By Robert Powell, Global Director of Compliance at IPC for Fund Technology – first published April 2017
With the Markets in Financial Instruments Directive (Mifid II) deadline extended to January 3, 2018, European firms are now at various stages of readiness, with most on schedule to be compliant with the new rules when, or soon after, they go into effect.
Although Mifid II is an ostensibly EU-based directive, financial firms in other regions that trade with European counterparties are held accountable by European regulators to remain compliant with some of the new rules. An example of this is in the communications retention space where, despite Mifid II bringing greater parity in retention periods, U.S. firms may lack compliance in several areas.
The Commodity Futures Trading Commission, like Mifid II, requires telephone calls – land line and mobile – to be captured and retained for five years in Europe and one year in the U.S. Retention periods, media types and the use of policy to prevent certain behaviour are all treated differently by European regulators than by their U.S. counterparts.
The table below outlines some of the differences in requirements between the new Mifid II rules and the current U.S. equivalent rules.
For a long time in the U.S. policy has been employed in conjunction with attestation, which is not widely used in Europe where policies are typically required to be tested as being effective. In the telecommunications space, it is particularly hard to test rules where “bring your own device” policies are in place without running into privacy issues if you ask an employee to divulge details of personal calls placed on personal devices an employer has no right to inspect. But MiFID II dictates that firms must take reasonable steps to prevent the use of personal devices that cannot be recorded. The regulatory pull and the privacy rights of an employee will make this almost impossible to enforce through policy.
Firms that deal with European counterparties or clients will be expected by regulators to be compliant with the new rules to participate in the market. That will include how you handle research and record retention.

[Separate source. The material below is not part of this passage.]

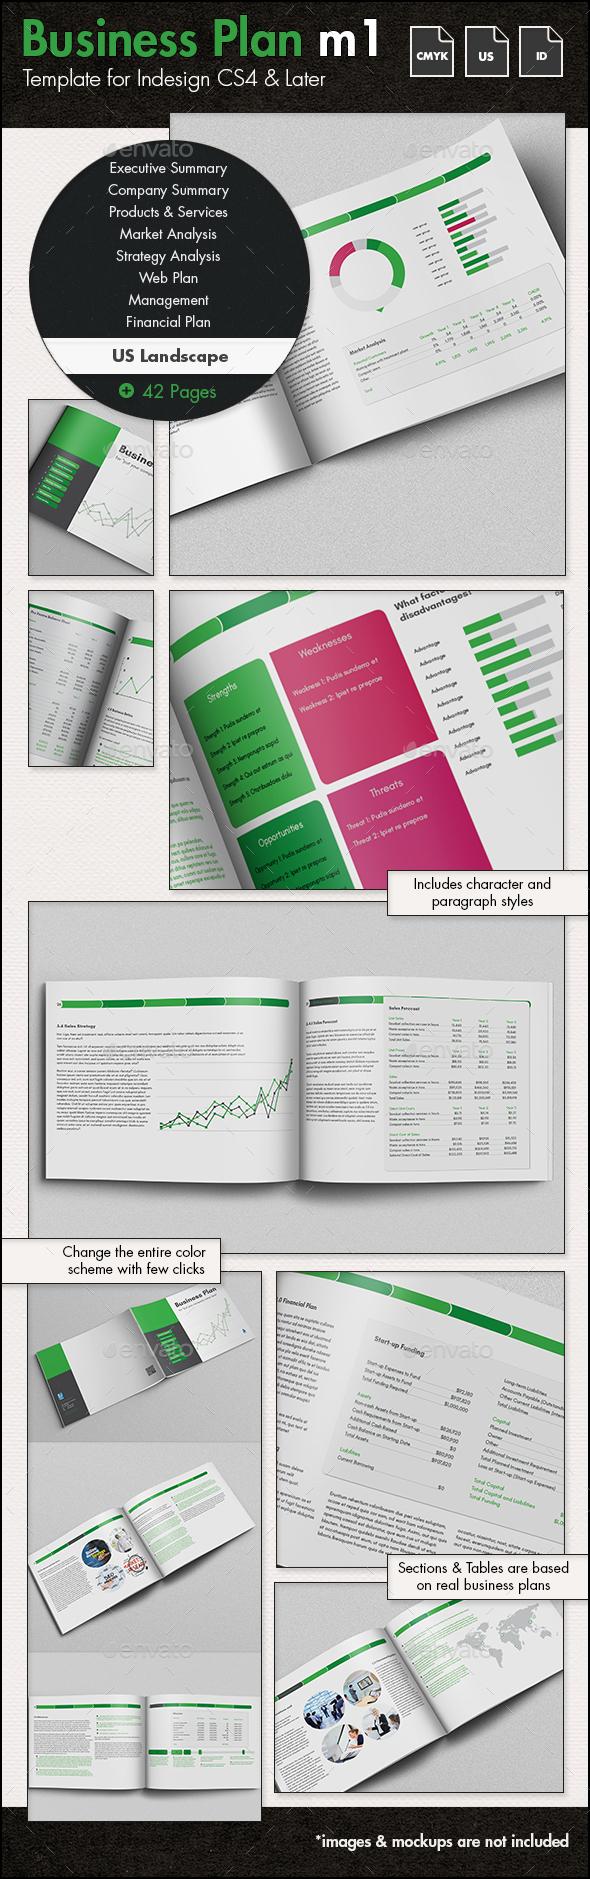 Business Plan Template m1 - US Letter Landscape - Proposals & Invoices Stationery

What is the risk for U.S. firms that aren’t preparing for Mifid II? A U.S. firm could be asked by a European regulator to produce records and be required to explain its actions in the European marketplace but because without consistently recorded communications, they will be unable to produce defence records. With the new rules, the European regulators may have more data than the firms they are questioning, as the call will almost certainly have been recorded by the European firm as part of their MiFID II record-keeping obligations. This may place a U.S. firm at a disadvantage. Trying to defend yourself without this data may prove difficult.
One of the easier ways to mitigate risk in this new era of greater global regulation is to adopt a zero-tolerance compliance culture. That means any employee who violates company policy is subject to termination. It begins with training that is constant, audited and evolves as the organization matures in its compliance culture. Before adopting this kind of environment it is important to clearly communicate your firm’s rules and requirements. Working closely with compliance, legal and human resources, a firm should conduct a thorough audit of internal policies to ensure they are aligned with a zero tolerance Innovation and adoption of new technology should be continually verified to be in line with the organization’s rules. Technology can provide greater efficiency and understanding for improving processes while also used for zero-evidence application.
Non-compliance can mean millions of dollars in fines for companies not wise enough to take it seriously.